Assumptions - Our understanding of the requested data

  1. Number of quickviews open: total number of events with action = ‘open-quickview’
  2. Number of search sessions using quickviews: total of events with action = ‘open-quickview’ with unique session id
  3. Number of clicks on images in quickview: total of events with action = ‘click-image’
  4. …same for snippers, sections, article sections, interwiki-commons & interwiki links…
  5. Click through position of quickviews: I’m not yet sure what exactly “click through” means, but available actions + result position ought to suffice
  6. Quickview open timestamp; Quickview close timestamp & dwell time - available via action=open-quickview|close-quickview + timestamp

Thanks for the summary of schema and assumption here, it covers everything. Just one thing I want to check is, do we have opt in/out options in preference for Quickview?

Questions

  1. click-image: the image is not currently clickable - In the current design this is not clickable. We either have to change the design or remove this from the implementation as it may not be possible.
  2. click-article-section: I don’t know what this one means exactly; does this refer to the “+ x more sections” links? Just to let you know, currently clicking the "+ more sections" just redirects you to the next available sections that were hidden from the list, it is not a different page/endpoint.

Yes, this means any clicks in the "Section in the articles" section in Quickview, also including the click in "+ x more sections".

  1. timestamp: I don’t think we need to explicitly include the timestamp in the event payload; the common schema (which I assume we also include; e.g. this one) includes a “dt” field that I think is auto-populated based on the time the events are received. Is this assumption correct?

Yes, it's a "dt" field when events are are received.

  1. platform: “mobile vs desktop”: is a bit blurry with mediawiki; I assume we mean mw.config.get('skin') === 'minerva' ? 'mobile' : 'desktop' here, rather than actual device. Also I just wanted to clarify that mobile is not going to be available on the first delivery and its implementation may differ from the Desktop (so we may have different actions depending from platform, but this is TBC)

Yes, for mobile the skin = "minerva". We can keep the platform as only "desktop" first.
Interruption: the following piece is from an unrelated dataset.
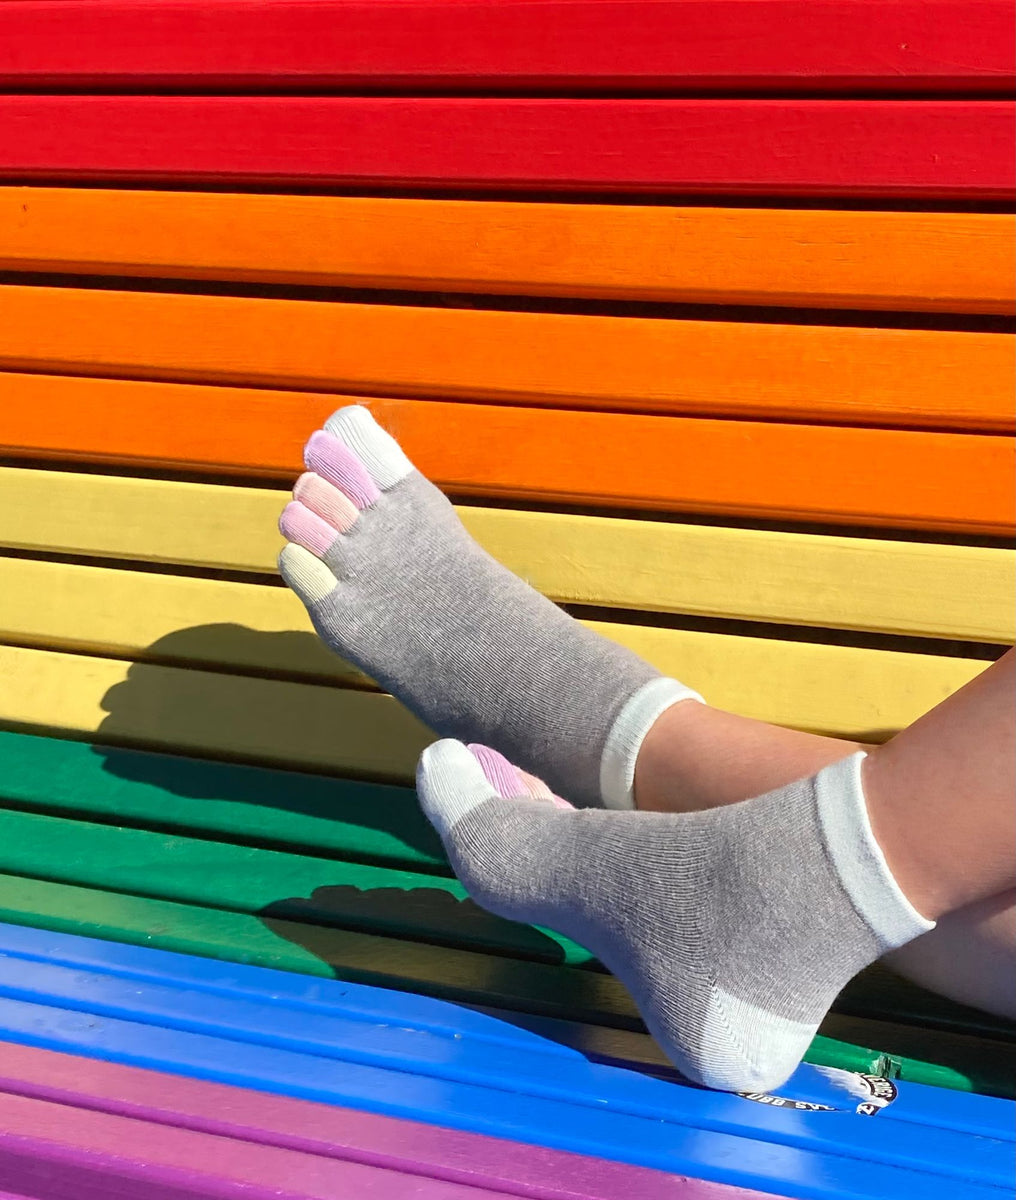 Knitido - Rainbows, short socks with colourful toes - The Barefoot Lab -  Free your feet

I will check if there are any differences in events on mobile vs. desktop.

  1. BOT: is there a simple way to do this currently on the client-side? Also not bots will not interact with QuickView (and bot accounts that do are user-operated when they do); should probably check why this needs to be tracked, if at all.
  2. Session ID: Are you correct to assume that this is assumed to be the SearchSatisfaction schema ID, so that they can cross-reference? If so, this is not currently available and we will need to do some work to expose it in the client-side.
  3. Number of users: Is this all the users in which the extension is actually loaded in the client side (even if not used, but JS is loaded), or it is all the users in which the PHP extension was loaded, but it may have not been given to the client either because they have NO in the preference or because they are on mobile (as we currently do not serve it on mobile)

The session id is the event.searchsessionid in SearchSatisfaction schema. if we are able to connect events in Quickview with search session ids, we should be able to get information of user agent, ips and isBot from SearchSatisfaction.

  1. result position: one more where we need to inquire exactly the kind of data they want in order to know what to provide:
    • is this the on the page (so, with limit=20 and on page3, the 5th results would be 5), or
    • or the position in the dataset (so, with limit=20 and on page3, the 5th result would be 65)

Result position is the position of the result on the page when clicking open Quickview of this result.

  1. When referring to QuickView open/close, is this:
    • Open refers to the time the quickView first became visible and close to the time it is not visible anymore
    • Open is the time a specific quickView became visible (example when snippet "cat" is clicked) and closed is when that specific QuickView is gone (so this will not only apply if the Clickview is closed, but also if another result is clicked)

cc: @matthiasmullie

Since we this is for calculating dwell time, looks like the second one makes more sense:

  • Open is the time a specific quickView became visible (example when snippet "cat" is clicked) and closed is when that specific QuickView is gone (so this will not only apply if the Clickview is closed, but also if another result is clicked)

Just one thing I want to check is, do we have opt in/out options in preference for Quickview?

Yes, the default is OPT IN, but there is a configuration to change this on an user by user preference.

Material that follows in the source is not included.